谢贞将佛珠盘了很久,才开口一声叹:“你叫我写婚书,时至今日你们却也没有成亲,竟是为了这个不敢给佛纶,痴儿痴儿!”
爱之深切,患得患失。
荣家和许家都在匆匆收整行囊,男女之情不过风月,在心头上一荡,却连涟漪都不曾起。
至交听说后,到荣家话别,来的还是那年的老少。
十年时光,都不再是当年的模样。
其中缺了个穿中山装的年轻人,据说是去东北参加抗联。他的家里是晚清旧贵,在满洲国的康德皇帝面前俯首称臣,与这个逆子恩断义绝。
初春的时节,人牺牲在苏联边境。
故人已逝,《长生殿》里的唐明皇不再,一出《重圆》唱不圆满,荣衍白只上了贵妃的戏装,却不肯登台。
也只能酒宴正酣时,借洒酒和地下旧友神魂相交。
民国二十五年,中秋月圆,这一群男人又醉倒在月影融融里。
许佛纶带了小丫头将人搀扶进厢房休息,当中几位真是醉的很了,摸了把茶壶踉踉跄跄扑到窗前对月唱诗:“得欢当作乐,斗酒聚比邻……”
西面的那位听见了,也打开了窗,抱着笔筒要豪饮三百杯。
可如今哪里还有什么欢乐事,盛年不重来,岁月不待人,至交也不过眼下寥寥。
人生无根,连陌上尘土也比不了,两位先生各自伏在窗下嚎啕大哭。
小丫头替他们关了窗。
许佛纶沿着游廊走到席上,高背椅里只剩下荣衍白一个,穿着宽袍广袖,眉眼清丽,醉酒的男人横生媚态。
她蹲在他面前,被他抬起了下巴。
“上皇——”他已经醉了,分不清现实和戏中人。
许佛纶配合,笑着望他:“玉妃。

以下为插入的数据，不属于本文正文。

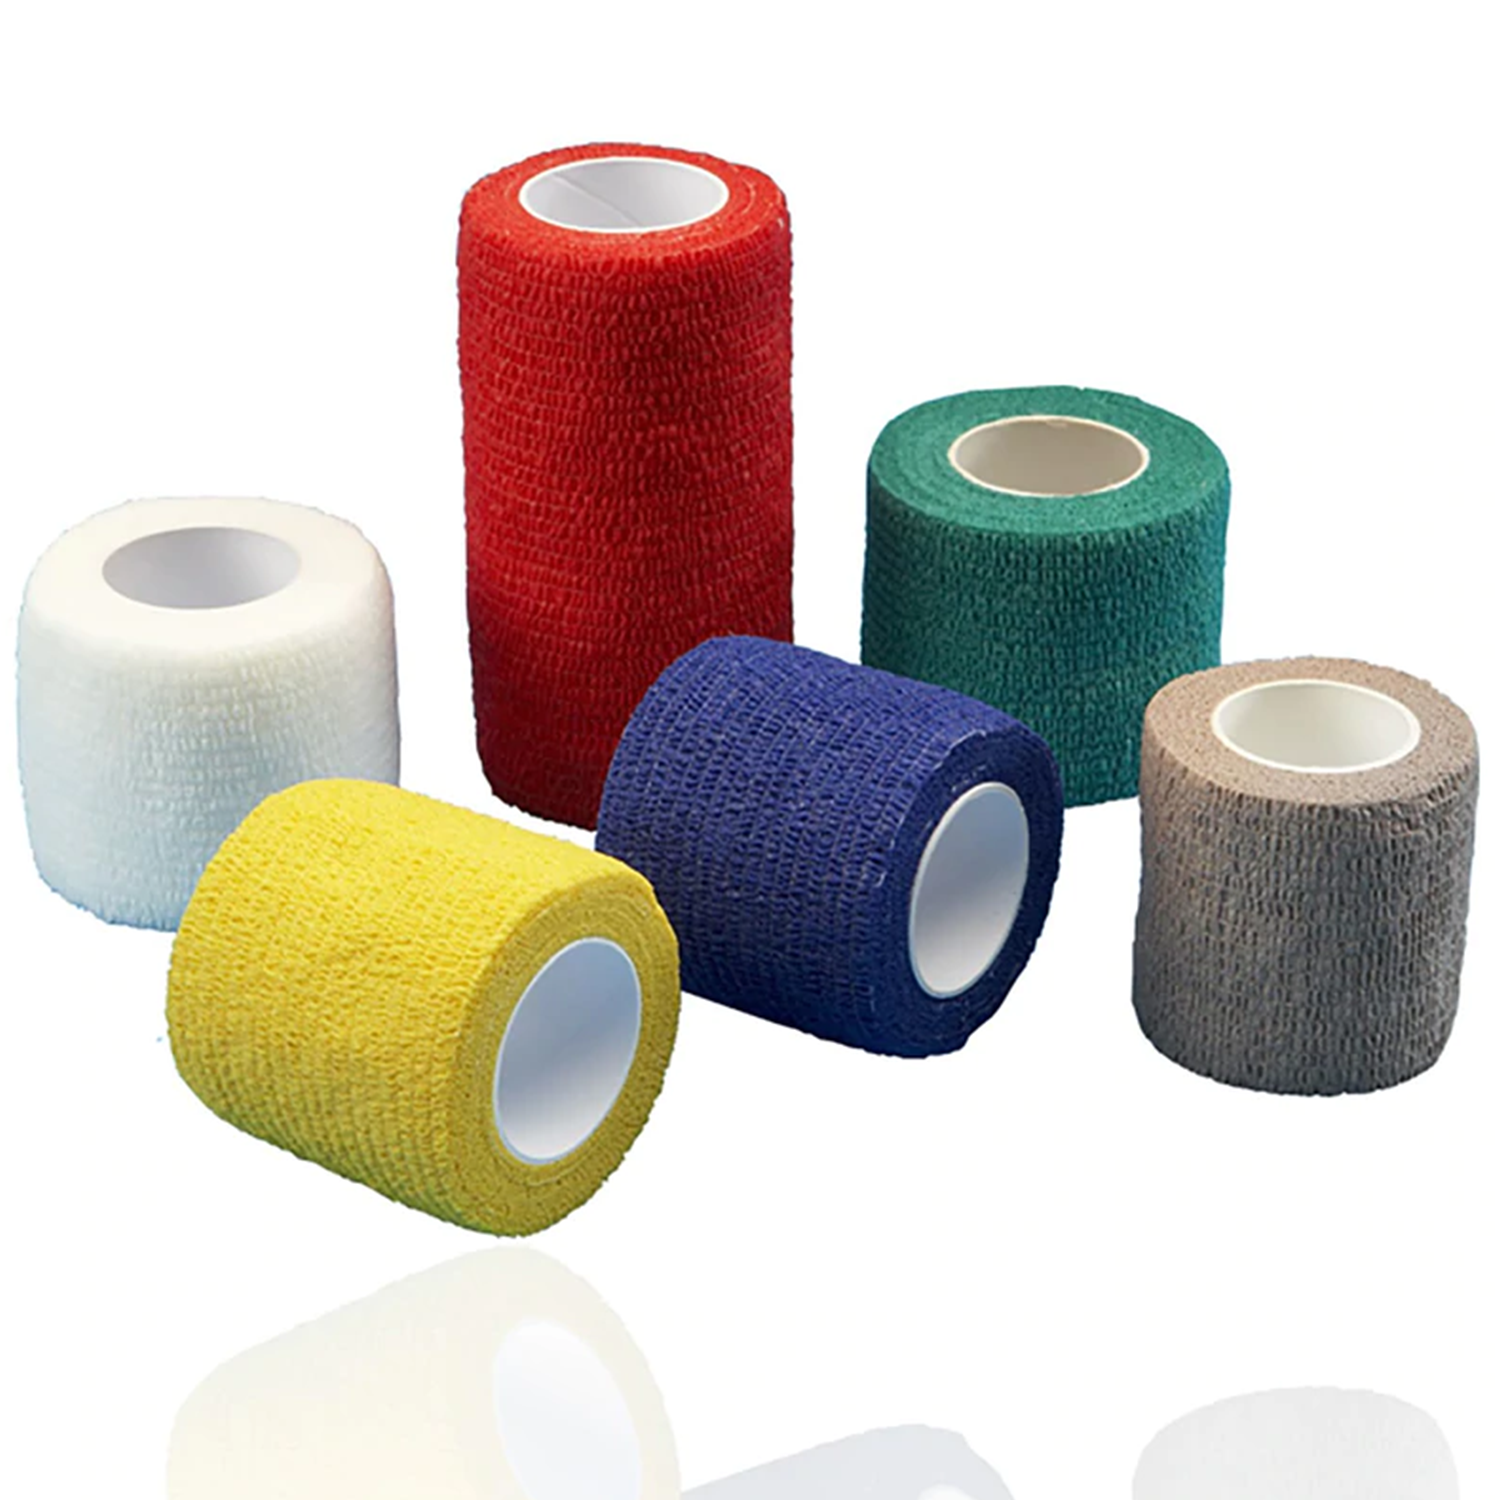 Steroban Cohesive Bandages | Pack of 12 Rolls

”
他半晌没说出一句话。
最后出口的还是戏文:“想当日玉折香摧,都只为时衰力软,累伊冤惨,尽咱罪愆……”
词没唱完,他醉倒在她怀里。
后一句是,到今日满心惭愧,诉不出相思万万千千。
这是他的心里话,她既懂得,就不必再唱出来。
别宴已散,行程就在眼前。
公事交接得很顺畅,也很隐秘,只有许佛纶和荣衍白的身边人知道内情,连荣希孟在女中也只是借口身体不适才告的长假,两家人南下的消息秘而不宣。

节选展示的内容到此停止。